Dutton needed another symphonic revival from the mid-century to couple with it and another long-standing gap in the recorded repertoire was chosen - John Joubert's Second Symphony. This was first performed, also at the Festival Hall, in 1971 when the composer had conducted, but has not been heard for some time. In a symphony responding to the events of the Sharpeville massacre in 1960, John Joubert in his programme note tells how he was inspired by the example of Alan Paton's novel Cry the Beloved Country. He draws a fascinating parallel with Shostakovich's Eleventh Symphony noting 'but there Shostakovich uses Russian political songs as symphonic material, I resolved to make use of three African melodies to give my work a similar sense of urgency and immediacy of purpose'. This is a tremendously vivid and dramatic score finely caught by the RSNO under the direction of Martin Yates.
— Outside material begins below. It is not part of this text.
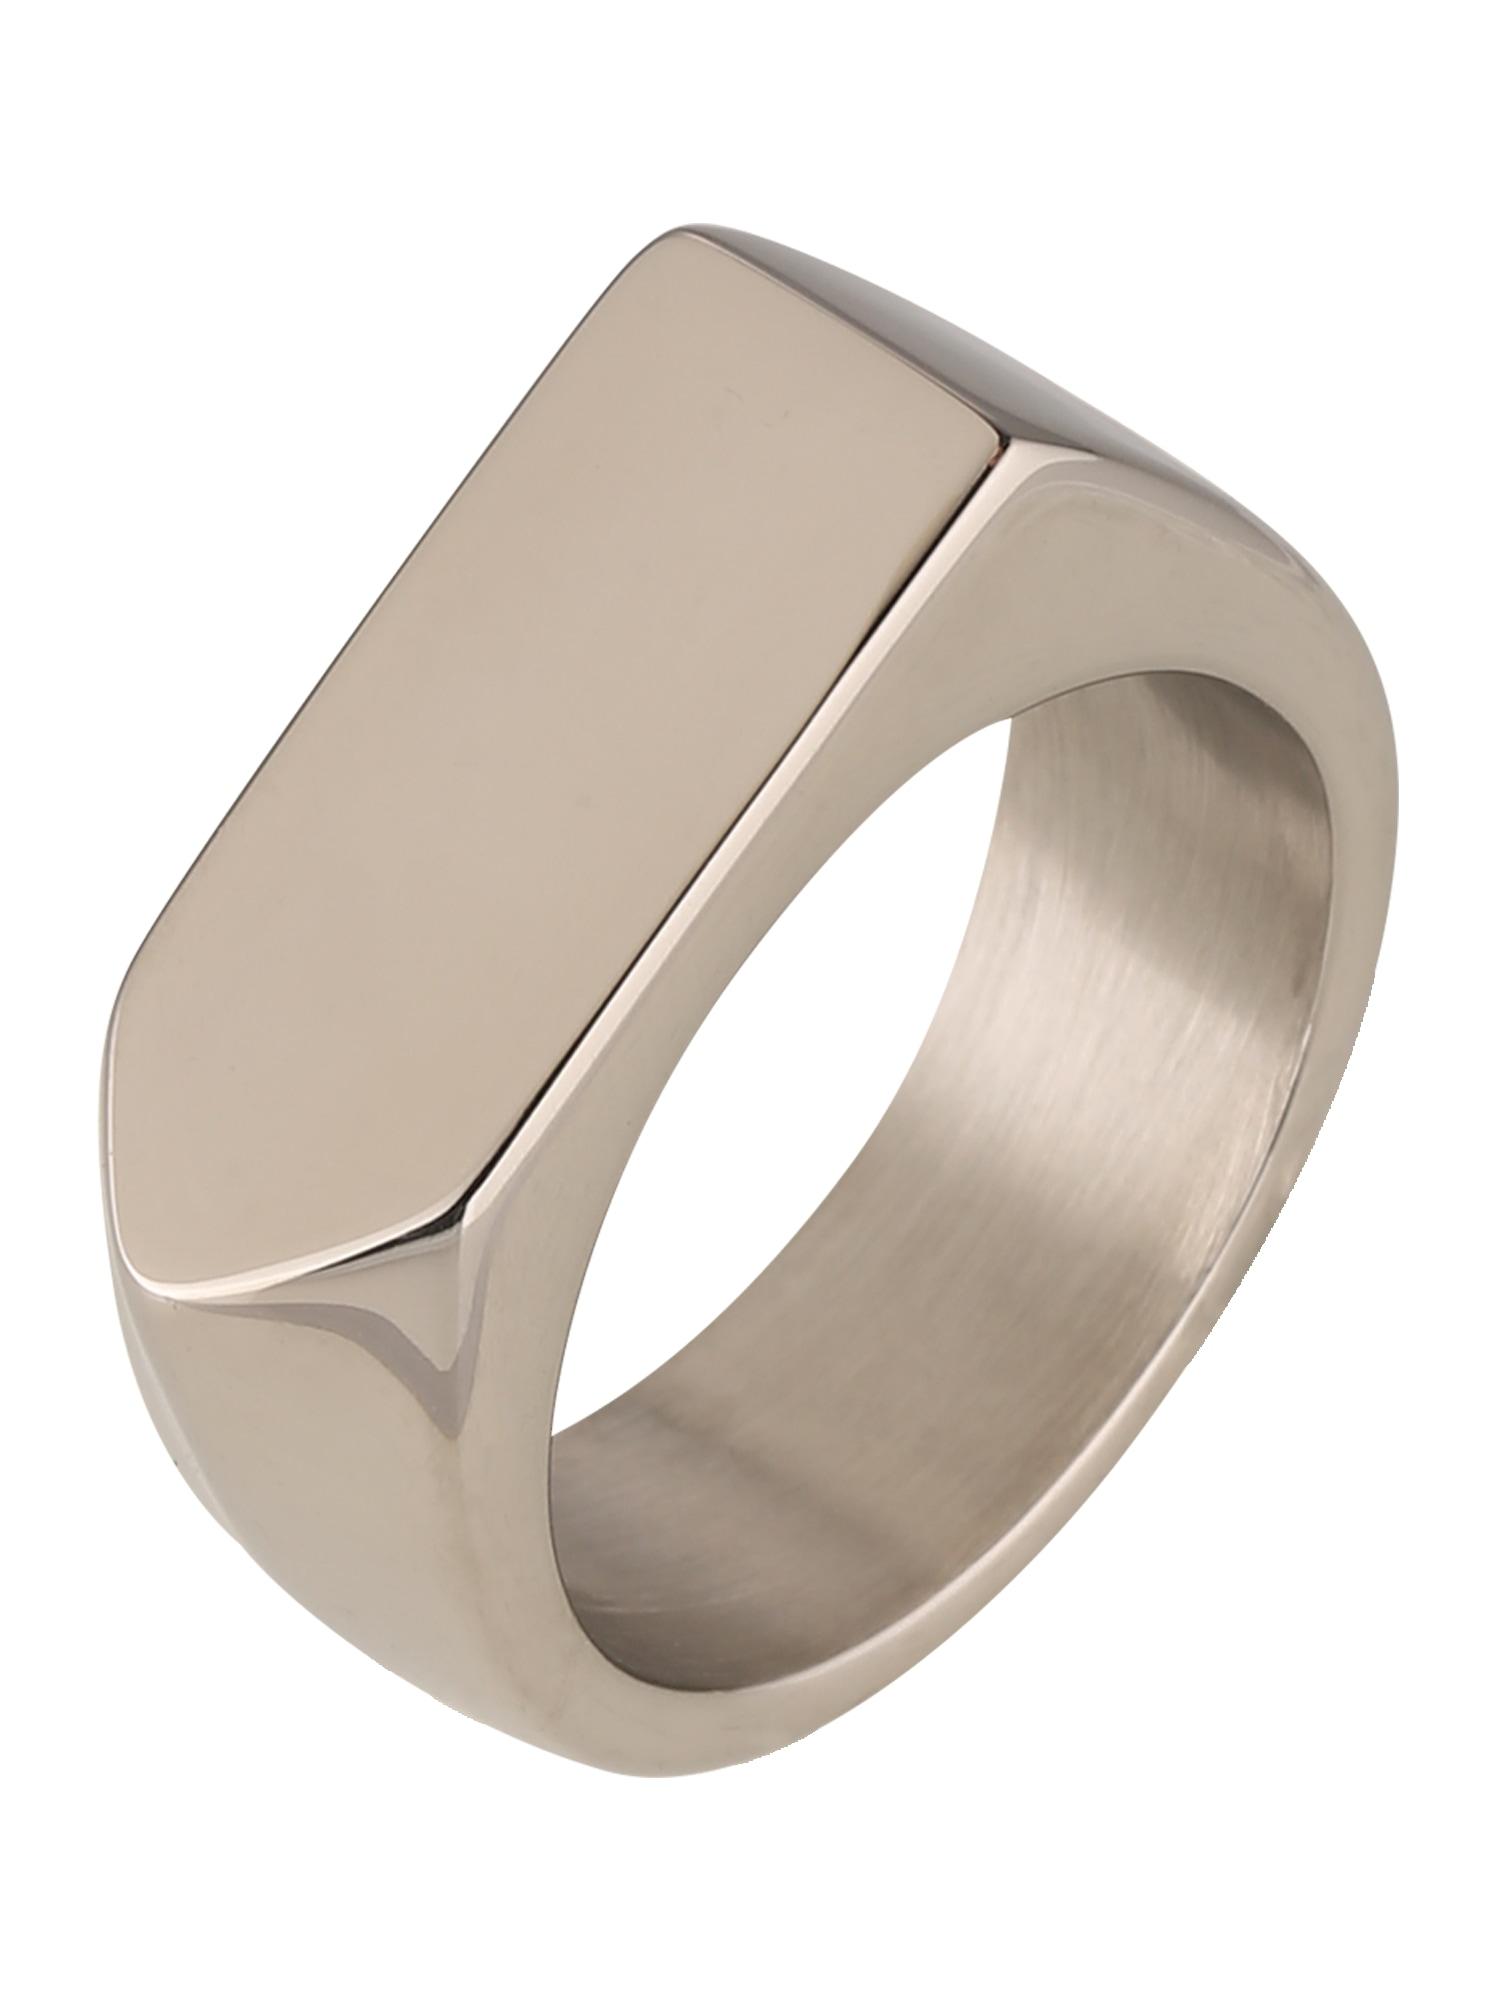 Prsten Ring Classic Line II stříbrná ROYAL-EGO

The third of Joubert's African themes is a Zulu lament whose final appearance on solo horn gives the music a tragic and elegiac climax, though the work ends in violent conflict. This is a major score of the mid-twentieth century which will surely find many admirers when this vivid recording is issued.

The two symphonies made for a rather short CD programme. To provide a contrast the orchestra also recorded two delightful previously unrecorded short pieces by William Alwyn which were suggested by the Alwyn Trust. As so often with such discoveries, we immediately feel it is a mystery why we have never heard such attractive music before. These orchestral encores are the Prelude and 'Derrybeg Fair' music from William Alwyn's very early opera The Fairy Fiddler (1922 rev 1925, 1929). This is enchanting and colourful music which make a splendid contrast to the striving of the two symphonies on this programme.